Advance EMS has been serving Dixon and surrounding area since 1983

Ray Darsidan and Matt Faley are employed with Advance EMS in Dixon.

DIXON – Advance EMS has been serving Dixon and the surrounding area since 1983, providing 24/7 paramedic and critical care services.

Noting a need for professional private ambulance service in Dixon, Kevin Rogers and his father, the late James Rogers, bought their first unit, and Advance EMS of Dixon began service to the area Feb. 1, 1983. In 1985, the company became a paramedic service with 24-hour full coverage providing pre-hospital services, according to the service’s website.

With six ambulances and 35 employees, Advance EMS works closely with other agencies and provides emergency and non-emergency ambulance services, local and long-distance transfer services, support at fires, intercept support and event standby services.

Brian Thompson, John Baker and Matthew Faley are Advance EMS emergency medical technicians at different stages of their EMT careers.

Thompson, 61, began his career in 1997 and has been with Advance EMS since 2007. He is a shift supervisor.

Baker, 40, began his career in 2012 and has been with Advance EMS since 2013. Faley, 23, began his career and started at Advance EMS in 2022.

All three agree that serving the community is what they consider to be the best part of the job.

“Some of my best calls are pediatric calls or transfers,” Thompson said. “There are challenges in pediatrics. The first step is to gain the patient’s trust. Then you need to work with the patient to make sure we can provide any treatment that’s required and it’s important to keep the patient calm.

“Also, at times, you need to take care of the parents. It’s an emotional time for them as well. Instilling confidence in the parents can be challenging. Getting the patient where he or she needs to be and seeing the calm, a smile, or even a hug after your care and getting a thank-you from the parents is worth more than money can buy.”

Baker said he loves being in the back of a rig treating a patient.

“It’s so quiet when you’re doing that because you have a job to do,” he said.

For Faley, it’s being able to “serve my community and impact somebody’s life in a positive way.”

Thompson said some of the worst calls are motor vehicle crashes.

“When you come up on a scene, you don’t know what you’re going to see,” he said. “It’s still scary after all these years when you pull up and see a mangled mess of what was a vehicle, or you come up on a motorcycle crash and hope it isn’t one of your friends or someone you know. You can anticipate seeing things you can’t begin to fathom. Trauma calls can be a fast-paced and chaotic scene. But they also can be a time of great pride.”

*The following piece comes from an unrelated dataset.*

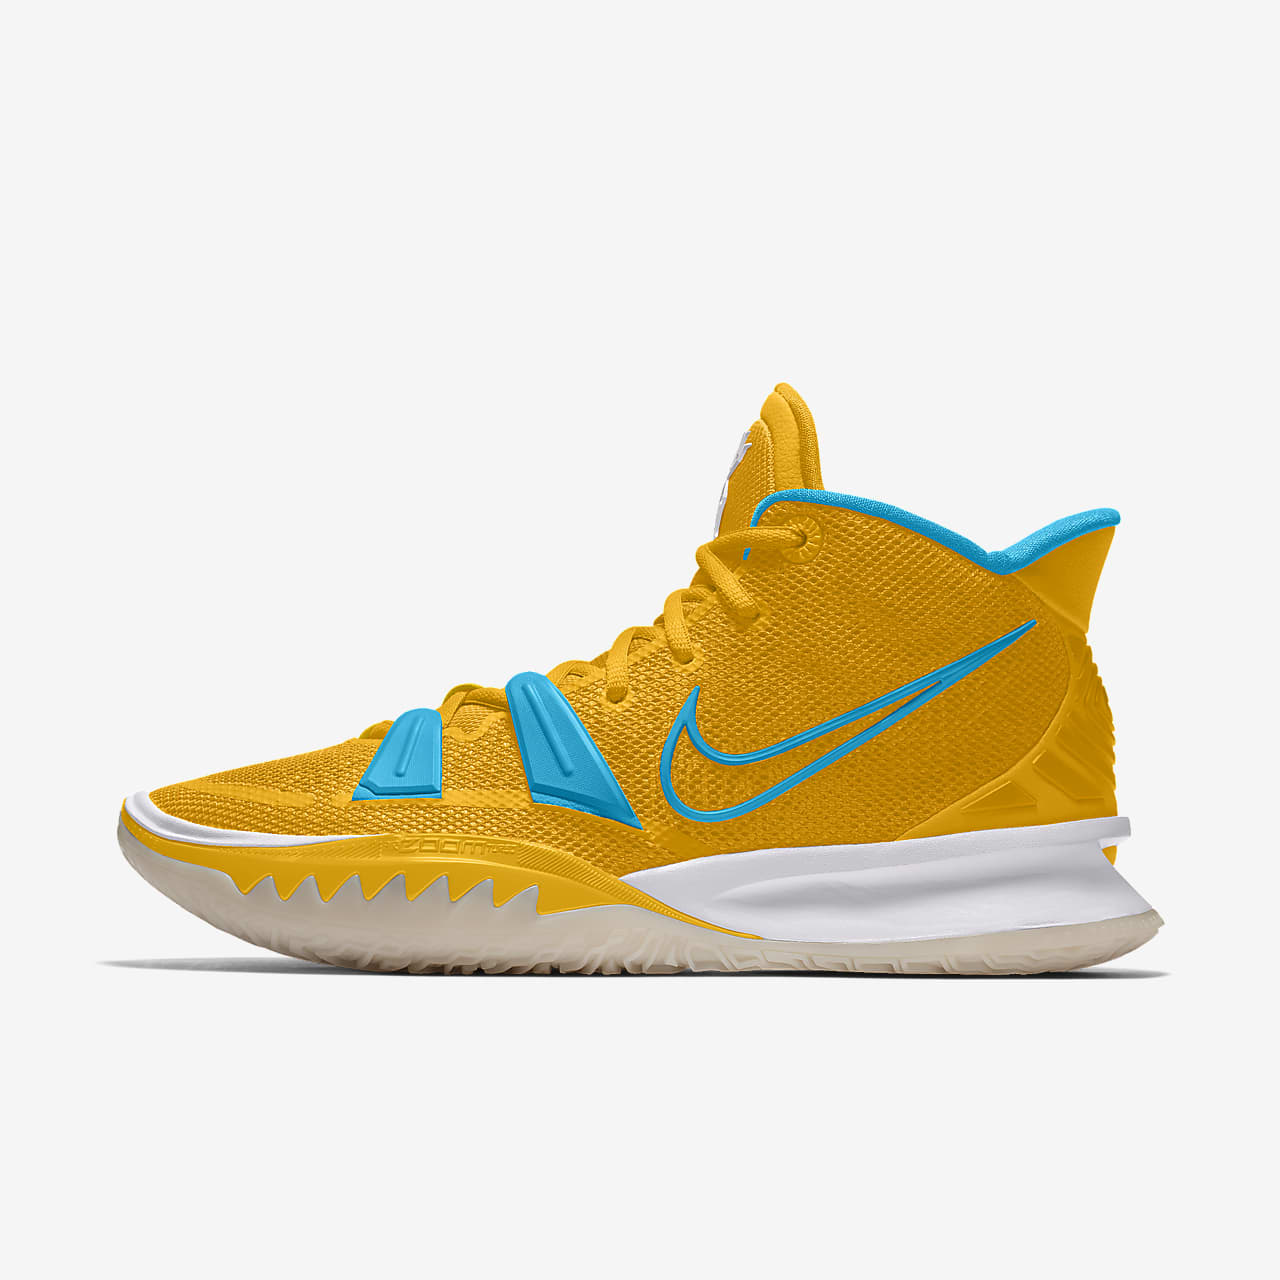 Custom Basketball Shoe. Nike DK

Baker said the administrative portion of the job – chiefly, paperwork – is the part of the job he dislikes. “I hate doing reports,” he said. “They’re the bane of my existence.”

All three became EMTs as a result of wanting to help people.

“My wife and girls suffered a devastating loss,” Thompson said. “I wanted to make a difference, even if it was only one time. My friends in the Eldridge [Iowa] Fire Department and MEDIC EMS [in Davenport, Iowa] provided the knowledge and avenue to get into this crazy field. Advance EMS has become like family.”

Baker’s short answer is that he wants to help people.

“But there are many other reasons,” Baker said. “My father died from a pulmonary embolism when I was 4 months old. He was 31. If I can do something to prevent another little kid from growing up without his father, I will do it.”

Faley’s father was an Air Force veteran who taught him to be a good leader and to serve.

“He was a paid on-call EMT/firefighter for Dixon,” Faley said. “My mother has been a nurse for 30 years. She works at KSB Hospital [in Dixon] in cardiology. She sparked my passion for medicine and the importance of being there for someone no matter what.”

Baker’s advice for those interested in joining the profession is to do a job shadow.

“And job shadow with different agencies to see what they do and what you want to do,” he said. “This isn’t a field for everyone. You have to be ready to do your job at all times, including bad weather. People don’t stop getting sick because it’s cold outside or there’s a blizzard.”

“EMS can be a very exciting and rewarding career,” Thompson said. “Each day or shift you work is different. Some days are mundane and others are fast-paced. EMT-Basic to a critical care paramedic can be very rewarding, challenging, frustrating, exciting, monotonous, tiring, mentally and emotionally draining and an adrenaline rush, sometimes on the same day. If you have an interest in being an EMT or want to see what it’s all about, you should definitely do a ride-along to experience things from the easy to the terrible and decide if this is something for you. Job shadowing is beneficial, and we could gain a great EMT.”